As the Japanese policymakers run out of bonds available for purchase, the easing program will literally run out of fuel. There have already been red flags from 2015 with regards to low availability of bonds. The Bank of Japan failed to meet its bond-buying targets in mid-2013 and in October 2014. Each time a government overexerts itself into a certain market, it negatively impacts its shape. In the case of Japan, the proposals to buy more corporate bonds, ETFs (exchange-traded funds) and real estate if government bonds ran out were met by stiff political opposition. The public feared adverse changes in rent, stock values and possibly capital-allocation criteria amongst the private companies if they had unfair government backing.

The general monetary policy across Europe is much different from Japan’s. Even when the ECB (European Central Bank) experimented with quantitative easing, there was already a flood of bond investments, which meant that interest rates were already low. However, the ECB ensured that it purchased only bonds that carried interest rates equal to its own base rate (negative 0.2) or higher. In the case of Japan, the BoJ had in February 2017 stated that it remained open to purchasing an “unlimited” quantity of Japanese government and corporate bonds as long as their maturities were between 5 and 10 years.

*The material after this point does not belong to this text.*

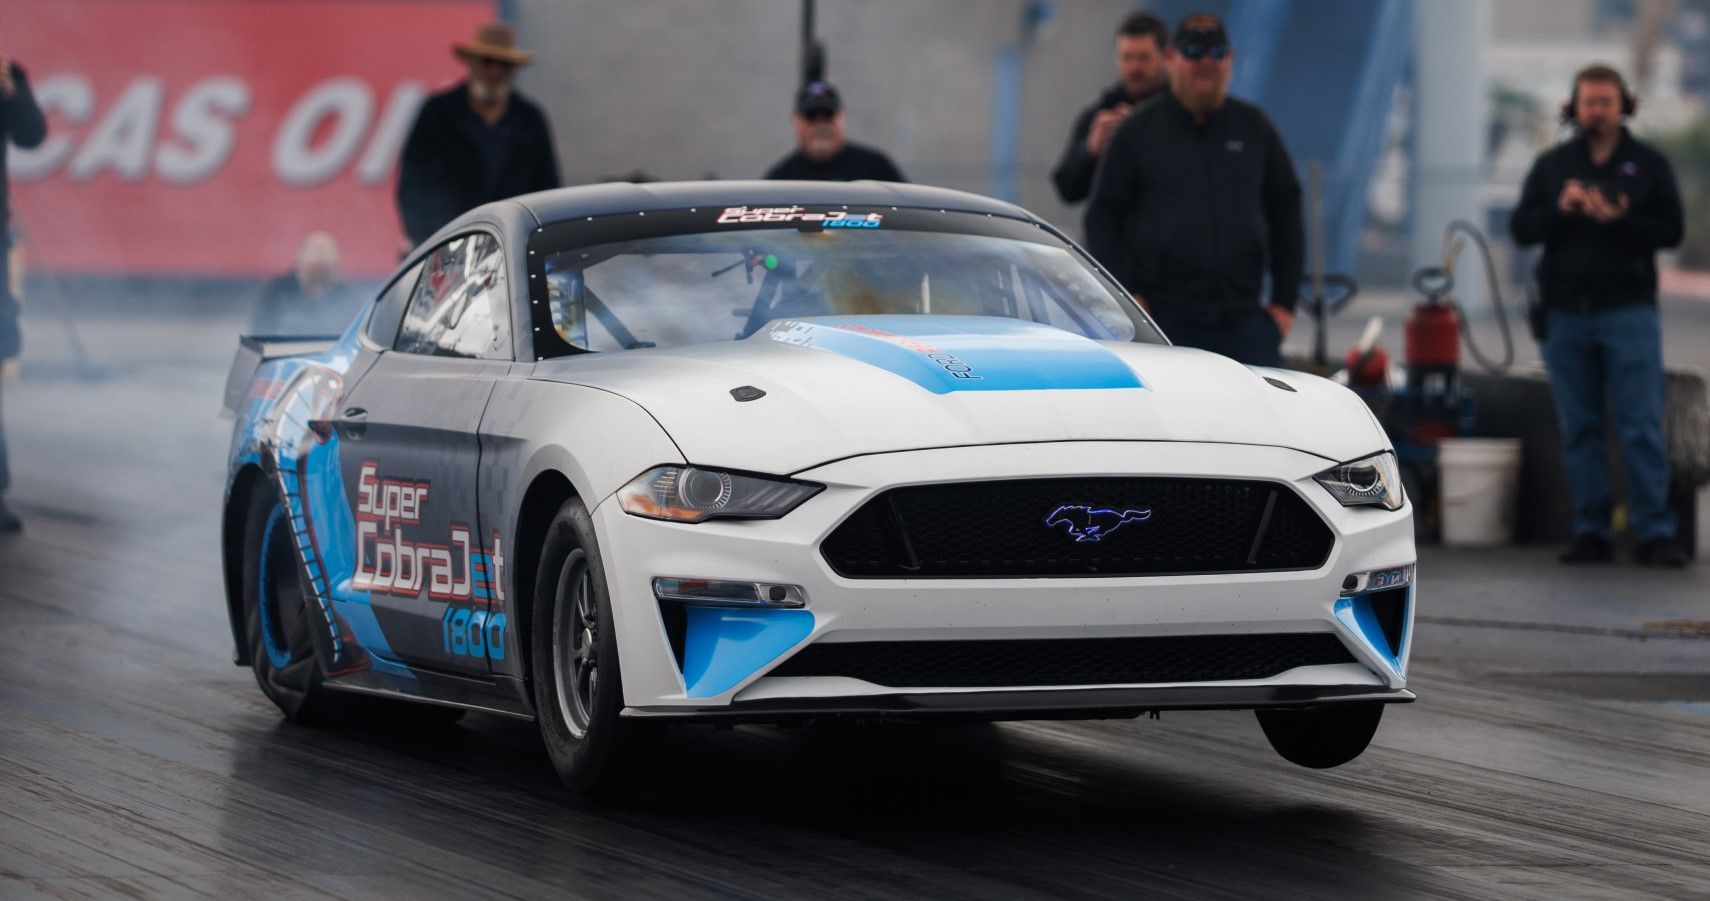 1800-HP Ford Mustang Super Cobra Jet popping a wheelie

Japan’s demographic challenges make it difficult to suspend economic stimulus.

Japan has unique demographic challenges that affect its inflation and economic growth more than other countries that are carrying out easing. Japan is still in the middle of a shift from the lifetime employment model of the previous decades to one in which people switch professions more often. The previous labor trends served the country well during the economic boom. Fast forward to 2017, a mostly aging workforce means different consumer-spending trends, and that has been a great reason why the government finds it harder to control inflation levels compared to how the eurozone countries and the United States can. Even the government’s campaigns to convince companies to give employees higher wages has not been well-received, as companies still cling to traditional reward structures handed down to them by company founders.

Japan, therefore, remains at a peculiar position at which it is better to leave the situations as it is, without further easing.